HI there,

I'm running Shinken 1.4.1 and use two Shinken masters for HA.
One master (FOO) is usually the active one and BAR is the spare, waiting for the active one to die.

I set the timeout for each Shinken master daemon to 3 seconds. With 3 attempts this should declare the daemon dead and unreachable in 9 seconds:
Code:
define scheduler {
 data_timeout 3
 check_interval 30
 weight 2
 skip_initial_broks 0
 modules RedisRetention_bs
 spare 0
 timeout 3
 address FOO
 scheduler_name scheduler-FOO
 max_check_attempts 3
 realm All
 port 7768
}
This is what happens when I reboot the active master:
  • [li]Quite quickly the spare one detects that the other master is dead and tries to dispatch its config[/li]
    [li]This results in a sequential pinging of each Shinken daemon found in the shinken-specific.cfg, which includes the previous master FOO![/li]
    [li]Now each attempt to reach the dead master results in a 1 minute timeout times two for some reason, see logfile below[/li]


Code:
2014-06-23 15:54:59,442 [1403531699] Info :  Arbiter Master is dead. The arbiter Arbiter-Master-itinfra-mon-bap01 take the lead
2014-06-23 15:54:59,442 [1403531699] Info :  Begin to dispatch configurations to satellites
2014-06-23 15:54:59,442 [1403531699] Info :  Pinging scheduler-FOO
2014-06-23 15:54:59,444 [1403531699] Info :   (PYROLOC://FOO:7768/ForArbiter)
2014-06-23 15:56:02,540 [1403531762] Warning : Add failed attempt to scheduler-FOO (1/3) connection failed
2014-06-23 15:57:05,645 [1403531825] Info :  Pinging scheduler-satellite2
2014-06-23 15:57:05,647 [1403531825] Info :   (PYROLOC://satellite2:7768/ForArbiter)
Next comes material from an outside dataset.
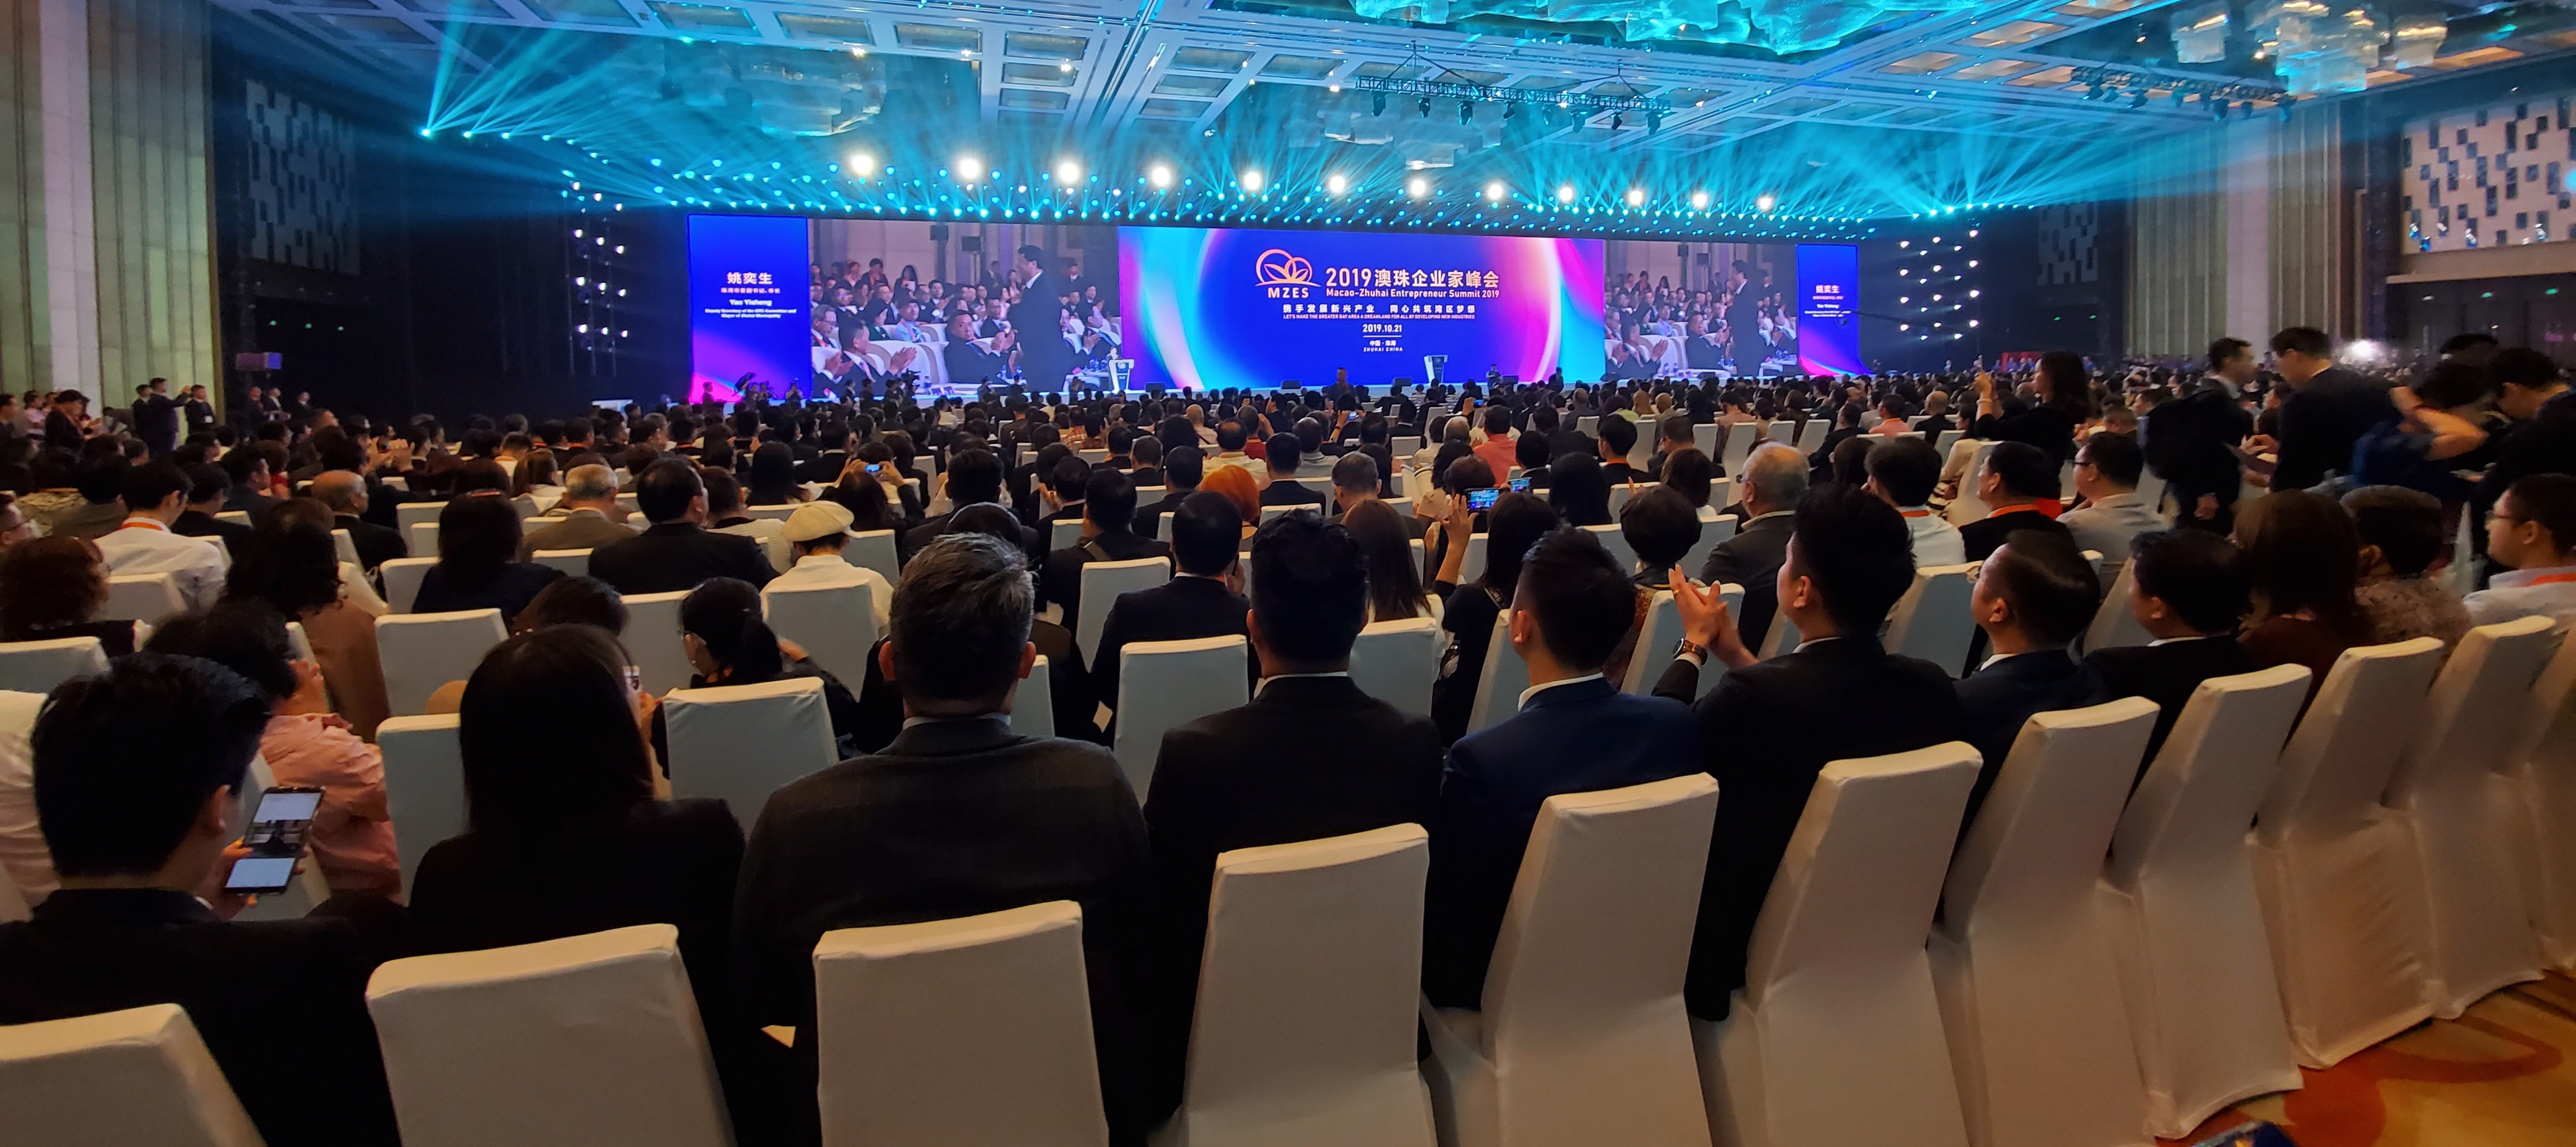 P.55第三排 - 2019澳珠企業家峰會於10月21日在珠海舉行.jpg
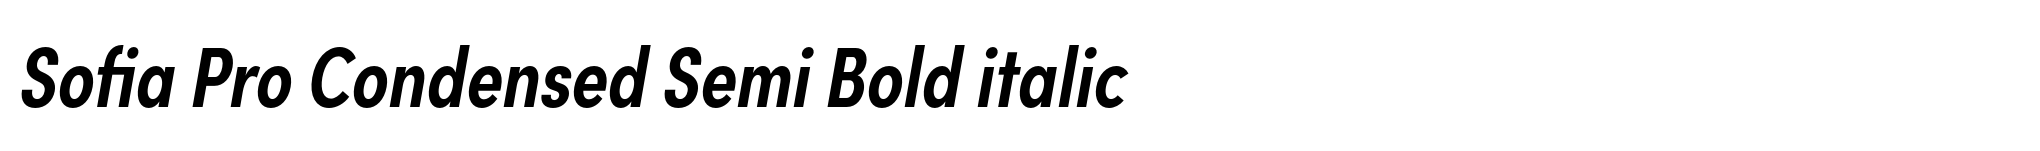 Sofia Pro Condensed Semi Bold italic image

2014-06-23 15:57:07,216 [1403531827] Info :  Pinging reactionner-FOO
2014-06-23 15:57:07,217 [1403531827] Info :   (PYROLOC://FOO:7769/ForArbiter)
2014-06-23 15:58:10,348 [1403531890] Warning : Add failed attempt to reactionner-FOO (1/3) connection failed
2014-06-23 15:59:13,453 [1403531953] Info :  Pinging reactionner-BAR
2014-06-23 15:59:13,453 [1403531953] Info :   (PYROLOC://BAR:7769/ForArbiter)
2014-06-23 15:59:13,455 [1403531953] Info :  Pinging poller-FOO
2014-06-23 15:59:13,456 [1403531953] Info :   (PYROLOC://FOO:7771/ForArbiter)
2014-06-23 16:00:16,556 [1403532016] Warning : Add failed attempt to poller-FOO (1/3) connection failed
2014-06-23 16:01:19,661 [1403532079] Info :  Pinging poller-satellite2
This goes on for each Shinken daemon on the dead master, which results in a long unnecessary downtime for the monitoring service.

Is this 1 minute downtime a generic Python timeout or did I miss a config setting somewhere?